In [5]:
from openai import OpenAI
import json
import csv
from tqdm import tqdm
import random
import re
import os

api_key = ""
# Initialize the OpenAI client
client = OpenAI(
    api_key=api_key
)

# Only neutral instanecs

In [7]:
with open("raw_data/healthver_climate-fever_all_neutral.json", 'r', encoding='utf-8') as f:
    data = json.load(f)

In [42]:
import json
from tqdm import tqdm
from openai import OpenAI  # make sure your OpenAI client is installed and set up


# ========== PROMPTS ==========

prompt_qa = """Given a claim, your task is to:
Read the claim carefully.

Generate two questions based on the claim that refer to information mentioned or implied in it:

- One WH-question.
- One Yes/No question.

Additionally:
- Try to focus on specific elements or details from the claim that could naturally invite questions.

For the WH-question, classify it as one of the following two types:
- Function Question – A question with a single definitive answer (e.g., “What is the capital of France?”).
- List Question – A question that may have multiple valid answers (e.g., “What causes air pollution?”).

Your response must follow the exact JSON format shown below:
{
  "wh_question": "<Your WH-question here>",
  "question_type": "<Function Question or List Question>",
  "yes_no_question": "<Your Yes/No question here>"
}
"""

prompt_verification = """You are given an evidence sentence and a question.

Task: Determine whether the evidence provides an answer to the question.

Evidence:
\"\"\"{evidence}\"\"\"

Question:
\"\"\"{question}\"\"\"

Instructions:
- If the evidence answers the question, respond only with "Yes".
- If the evidence does not answer the question, respond only with "No".
- Do not explain your answer. Just output "Yes" or "No".
"""

# ========== FUNCTIONS ==========

def get_gpt_response(prompt):
    response = client.chat.completions.create(
        model="gpt-4o",
        messages=[{"role": "user", "content": prompt}]
    )
    content = response.choices[0].message.content
    content = content.replace("```json", "").replace("```", "").strip()
    return content

def generate_questions(claim):
    combined_prompt = f"{prompt_qa}\n\nClaim:\n{claim}\n"
    raw_output = get_gpt_response(combined_prompt)
    try:
        return json.loads(raw_output)
    except json.JSONDecodeError:
        print("Failed to decode JSON from:", raw_output)
        return None

def check_evidence_answers_question(evidence, question):
    verification_prompt = prompt_verification.format(evidence=evidence, question=question)
    response = get_gpt_response(verification_prompt)
    return response.strip()

# ========== MAIN PROCESS ==========

# Load your input data
with open("raw_data/healthver_climate-fever_all_neutral.json", 'r', encoding='utf-8') as f:
    instances = json.load(f)

for instance in tqdm(instances[:2]):  # Only first 2 for testing
    claim = instance['claim']
    evidences = instance['evidences']
    
    # Phase 1: Generate questions based only on the claim
    questions = generate_questions(claim)
    if questions is None:
        instance['generated_questions'] = {}
        continue  # No questions generated

    valid_questions = {}

    # Phase 2: Check WH-question
    wh_is_answered = False
    for evidence in evidences:
        wh_answered = check_evidence_answers_question(evidence, questions['wh_question'])
        if wh_answered.lower() == "yes":
            wh_is_answered = True
            break

    if not wh_is_answered:
        valid_questions["wh_question"] = questions["wh_question"]
        valid_questions["question_type"] = questions["question_type"]

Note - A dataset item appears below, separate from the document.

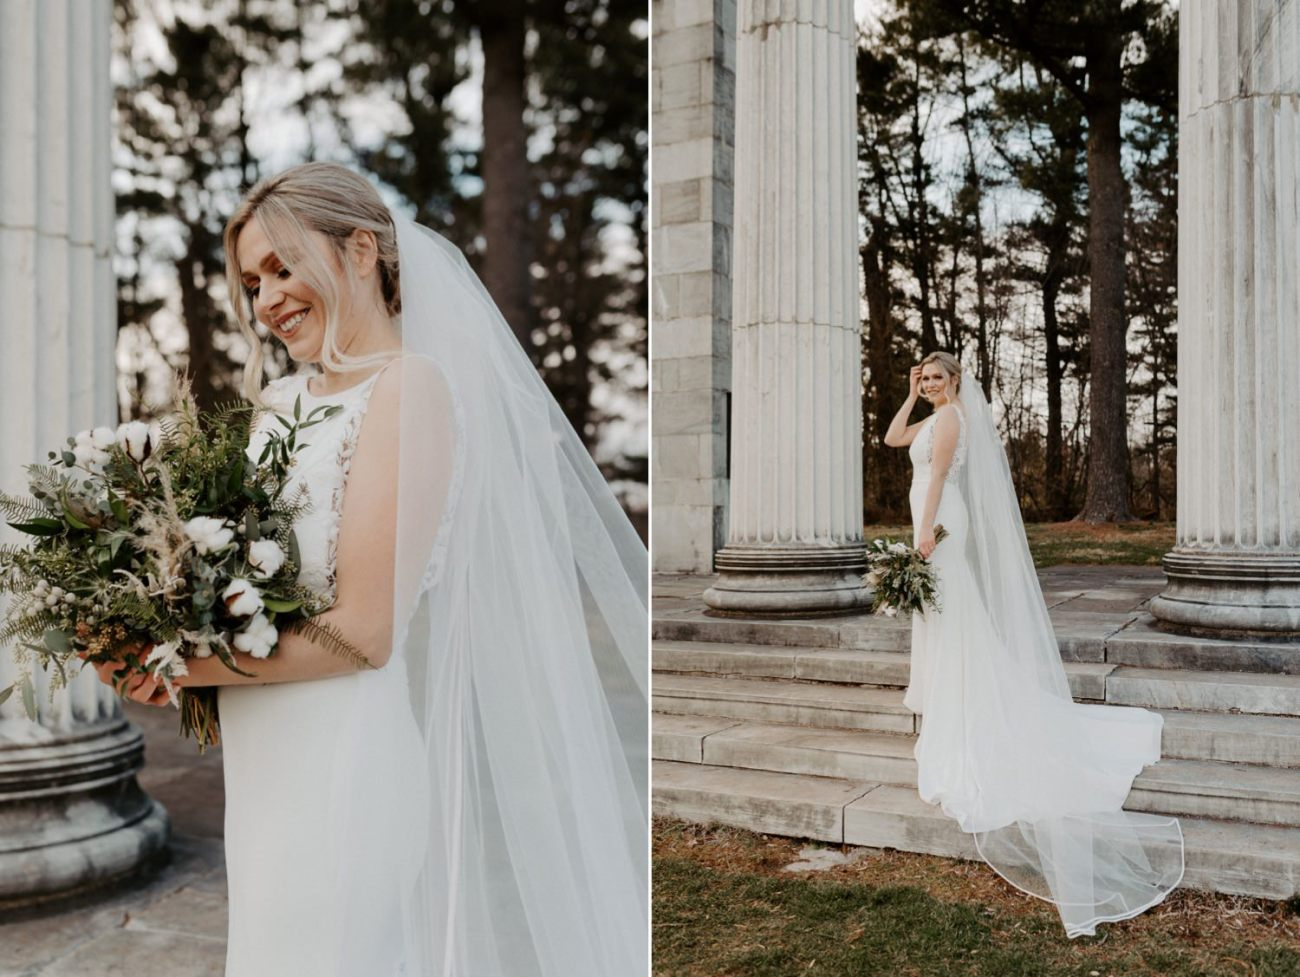 Princeton Battlefield Wedding Princeton University Elopement New Jersey Wedding Photographer Anais Possamai Photography 24
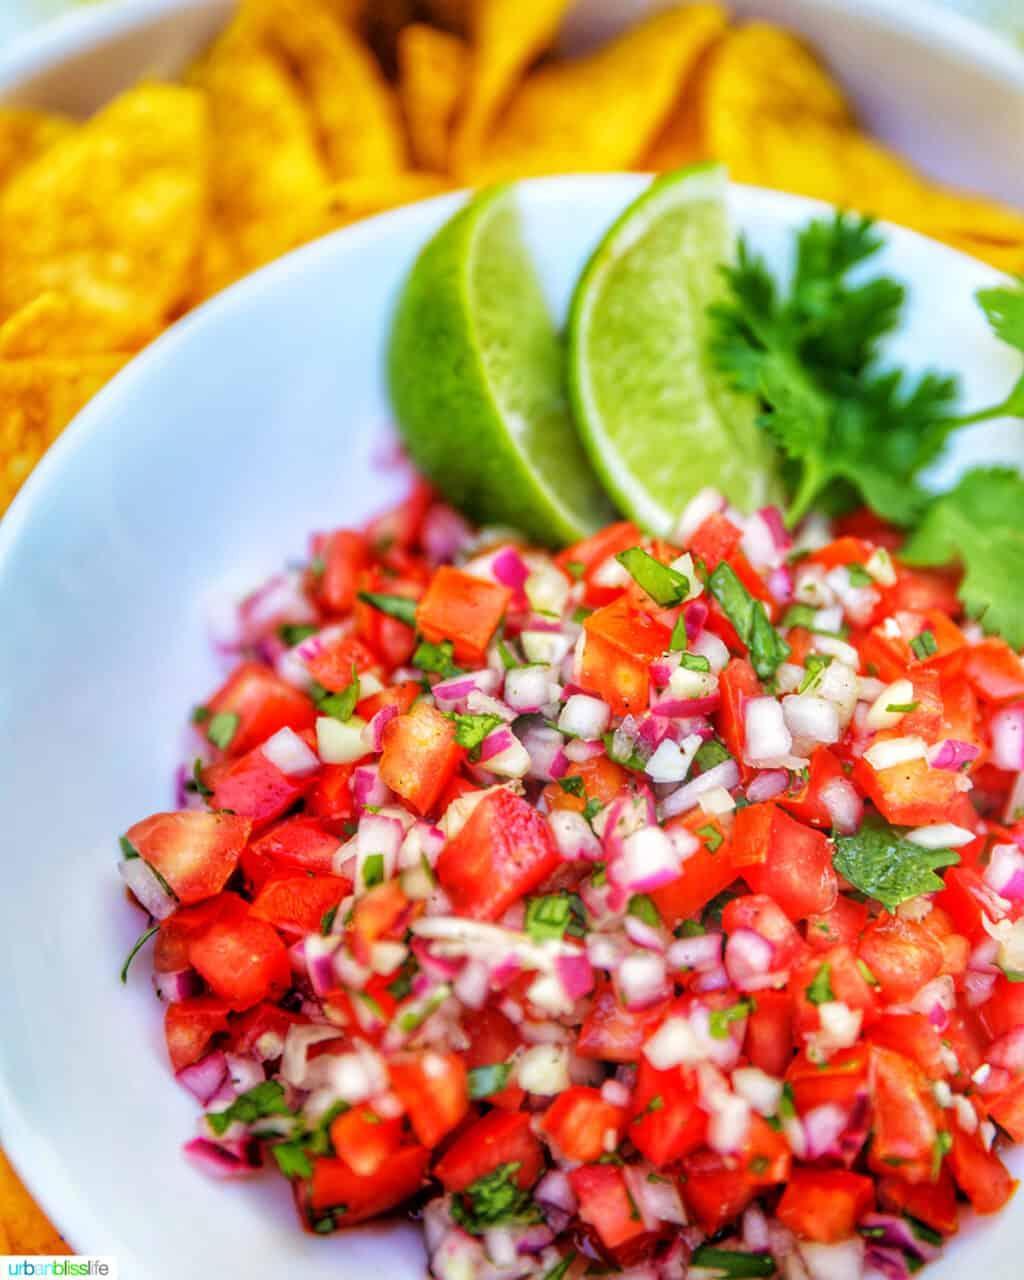 bowl of pico de gallo with tortilla chips

    # Phase 3: Check Yes/No question
    yesno_is_answered = False
    for evidence in evidences:
        yesno_answered = check_evidence_answers_question(evidence, questions['yes_no_question'])
        if yesno_answered.lower() == "yes":
            yesno_is_answered = True
            break

    if not yesno_is_answered:
        valid_questions["yes_no_question"] = questions["yes_no_question"]

    # Add valid generated questions to the instance
    instance['generated_questions'] = valid_questions

# Save all results (original data + new field)
with open("raw_data/healthver_climate-fever_all_neutral_with_questions.json", "w", encoding='utf-8') as f_out:
    json.dump(instances, f_out, indent=2, ensure_ascii=False)

print("✅ Finished updating instances with generated questions!")

100%|████████████████████████████████████████████████████████████████████████████████████| 2/2 [00:20<00:00, 10.10s/it]

✅ Finished updating instances with generated questions!